Несмотря на свое поражение возле Ворта, Мак-Магон был единственным французским генералом, способным более или менее на равных противостоять фон Мольтке. Если бы ему дали свободу действий и трусливые политики не вмешивались в его дела, он смог бы спасти Францию от худших последствий этой войны.

(обратно)

280

Читатели более позднего времени не упустят из виду не лишенное юмора совпадение: у Вильгельма II, короля Пруссии, был зубным врачом проворный американец, доктор Дэвис, и Наполеону III с его семьей тоже оказывал такие же услуги умелый янки, доктор Эванс.

(обратно)

281

Ему сказали много дружеских слов насчет сочувствия бедствующей Франции, но ни одно великое государство не пожелало применить единственное средство, которое могло бы остановить пруссаков, – угрозу оружием. После 1900 г., когда стала усиливаться пангерманская угроза, в Лондоне и Санкт-Петербурге немало жалели об этом своем молчаливом разрешении раздавить Францию.

(обратно)

282

Нет сомнения, что к ноябрю 1870 г. положение Франции и Парижа было почти безнадежным, и благоразумные люди уже советовали капитулировать. Однако генерал Дюкро (один из главных офицеров в Париже) выразил чувства очень многих людей, когда сказал Тьеру, что столица все-таки должна сражаться и выиграть время, чтобы страна собрала новые армии и опять попыталась идти в бой. «Вы говорите как солдат, а не как государственный деятель», – сказал Тьер. «Я говорю как государственный деятель, – ответил Дюкро. – Такая великая страна, как Франция, всегда возрождается после материального крушения, но никогда не сможет возродиться после морального крушения. Нынешнее поколение пострадает, но следующему принесет пользу честь, которую мы спасем». Дюкро был прав. Сопротивлением после Седана Франция спасла свою честь и сохранила чувство собственного достоинства. В муках зимы 1870/71 г. родился дух, который привел ее к победе 1918 г.

(обратно)

283

Позже те, кто оценивал действия Правительства национальной обороны, мудро говорили, что оно сделало большую ошибку, заперев в Париже такой большой гарнизон. Оно могло бы использовать эти войска лучше – для операций по снятию блокады. Не было опасности, что немцы станут штурмовать в лоб форты, защищавшие Париж.

(обратно)

284

В результате этого обстрела погибло 300 и было ранено более 2 тысяч гражданских лиц – мужчин, женщин и детей. Именно из-за таких поступков своих новых прусских хозяев эльзасцы так не желали им покориться.

(обратно)

285

После завершения боевых действий в 1873 г. Базена судил военный трибунал. Его обвиняли в грубом пренебрежении своим долгом за то, что он сдался так рано. Так и не удалось выяснить, почему он фактически предал Францию, вступив в политические переговоры с Бисмарком, и даже сообщил немцам важнейшую информацию, сказав, что в его армии кончается продовольствие. Вероятно, у него были какие-то злые намерения насчет того, чтобы вернуться в Париж в роли нового «восстановителя порядка». В сущности, он был совершенно бездарным человеком, хотя и обладал авантюризмом, типичным для тех, кого Вторая империя вознесла на вершину власти.
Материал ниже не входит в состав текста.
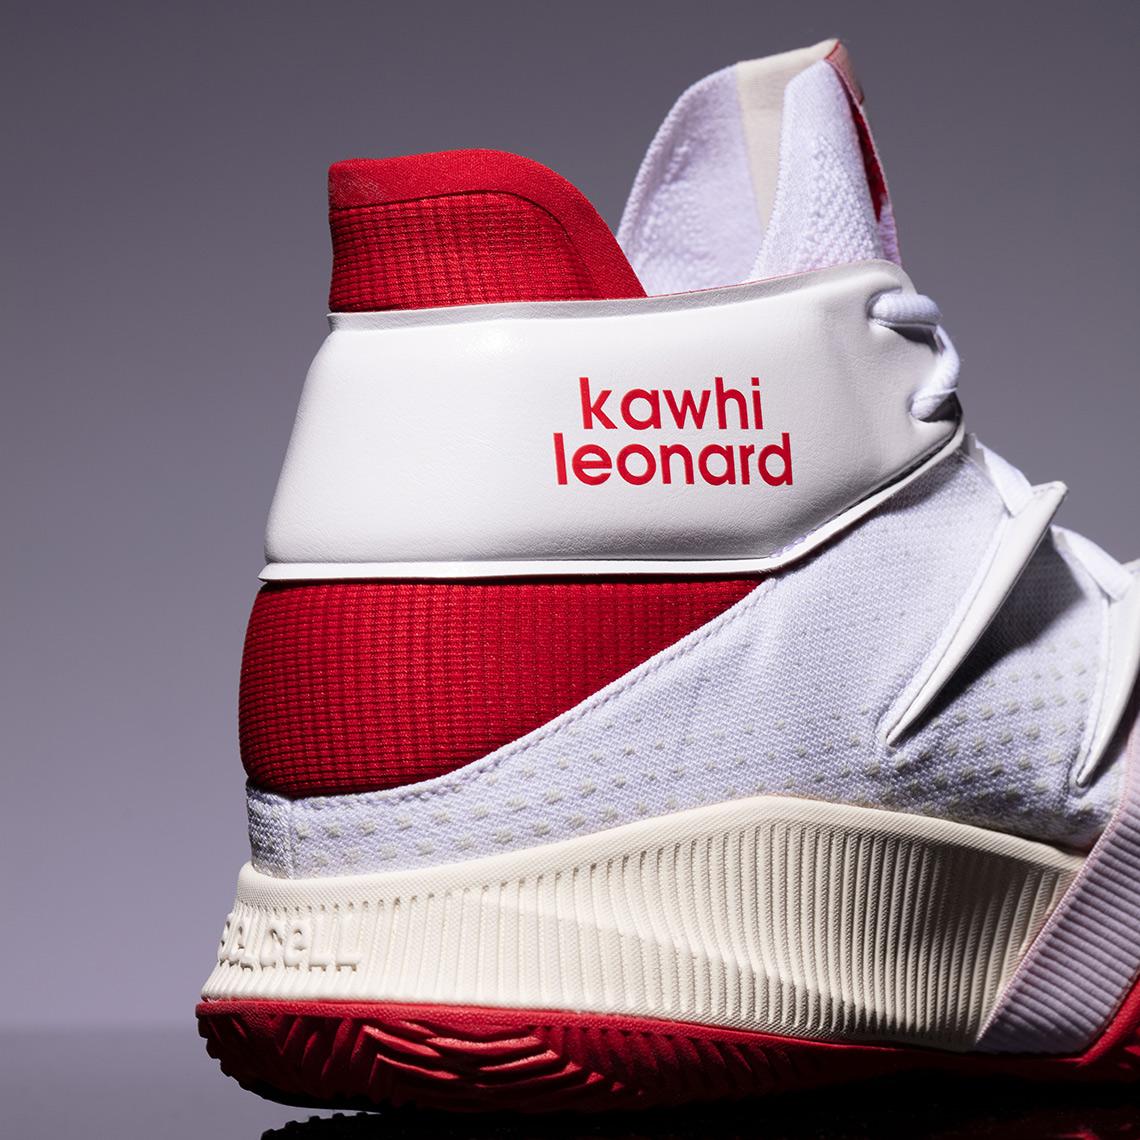 7316d22e7a Kawhi Leonard New Balance Shoes - First Look + Release Info ...

На суде он говорил в свое оправдание, что после пленения императора и бегства императрицы ему больше не за что было сражаться: «Все погибло!» «Оставалась Франция!» – уничтожающе ответил председатель суда.

Базен был приговорен к смерти, но Мак-Магон, который тогда был президентом, пожалел давнего товарища и заменил смерть на двадцать лет тюрьмы. В 1874 г. Базен бежал из заключения и скрылся в Испании. Там он и жил, презираемый изгнанник, до своей смерти в 1888 г. Французы относились к нему примерно так же, как американцы к Бенедикту Арнольду. (Б. Арнольд – американский генерал, который во время Войны за независимость Соединенных Штатов прославился в боях на стороне американских повстанцев, но позже предал их и ради денежной награды перешел на сторону Великобритании. В США к нему относятся противоречиво: считают героем и предателем одновременно. – Пер.)

(обратно)

286

Вот пример, который хорошо показывает, каким было положение с едой в Париже в конце осады. Говорили, что один богатый парижанин послал человека в мясную лавку узнать, может ли он купить что-нибудь съедобное для своих двух любимых котов. Ему ответили, что в лавке нет ничего, что стали бы есть коты, но что там охотно купили бы самих котов.

(обратно)

287

Бельфор не был захвачен немцами. Он доблестно держался до конца войны. Поэтому французы были вдвойне полны решимости не отдавать его.

(обратно)

288

Немцы должны были оставаться в северо-восточных провинциях Франции до тех пор, пока она не уплатит контрибуцию. Они также должны были остаться на какое-то время в некоторых из фортов, господствовавших над Парижем.

(обратно)

289

Через сорок лет после этих событий ответственный историк Лависс признает, что парижская чернь в 1871 г. терпела большие бедствия, но торжественно заявляет: «Из всех восстаний, отмеченных в истории, то, которое произошло в марте 1871 г., несомненно, было самым преступным, потому что было поднято на глазах у победившего врага».

(обратно)

290

Речь президента Вильсона перед конгрессом 8 января 1918 г.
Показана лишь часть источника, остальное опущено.